Its pretty obvious that you are not ready for AAS.

Stop now before you screw up even more.


----------



## mainyboi (Mar 9, 2006)

i start workout about 12ish and i think the 7.00 dose is efecting my sleep becouse i fill tired in the day and moody


----------



## mainyboi (Mar 9, 2006)

FOREMAN RULES your just a prick mate you cant say nothink nice about no1 i would like to see you


----------



## ant is lifting (Mar 9, 2006)

when I googled d-bol I read that with-in 3 days your mood will change and within 10-14 days you will start to feel and see results. I will be taking the same amount 15 mg per day.
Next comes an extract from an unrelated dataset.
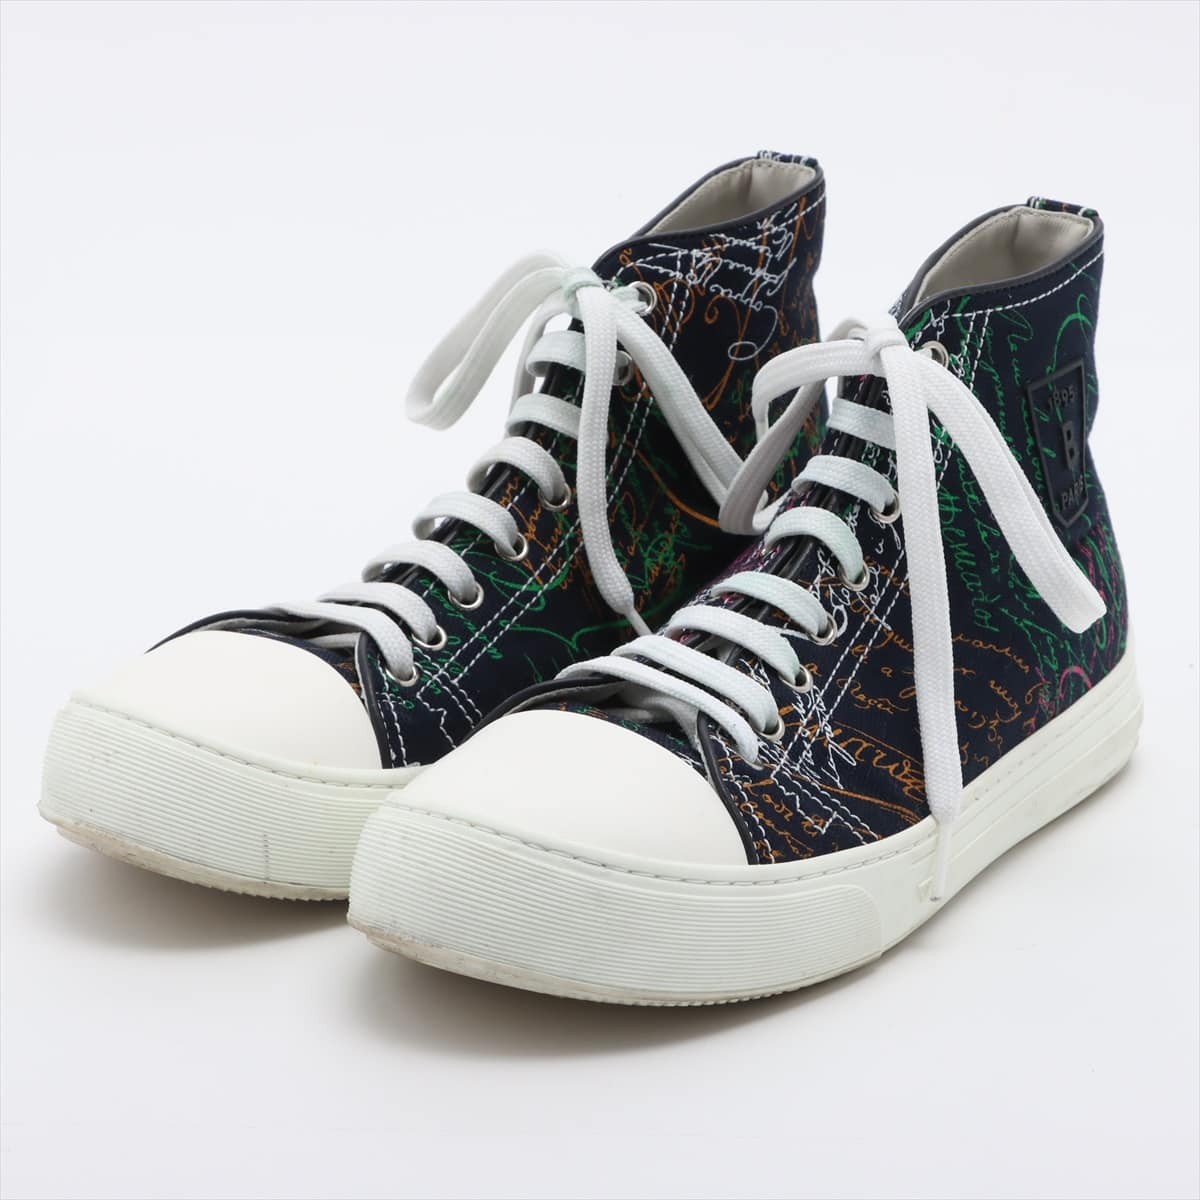 Berluti Canvas & leather High-top Sneakers 6 Men's Navy blue playgrounds 5040

My understanding on what I have read is that the half life is 3-6 hours so Im thinking that the 7:00 pill might be a little to late if you go to bed befor midnight..

I couldnt imagine taking this at age 18 though just because your testosterone is probably through the roof as it is. the range of testoserone one produces is from 250-800... have you ever tested yourself to see what level you are at?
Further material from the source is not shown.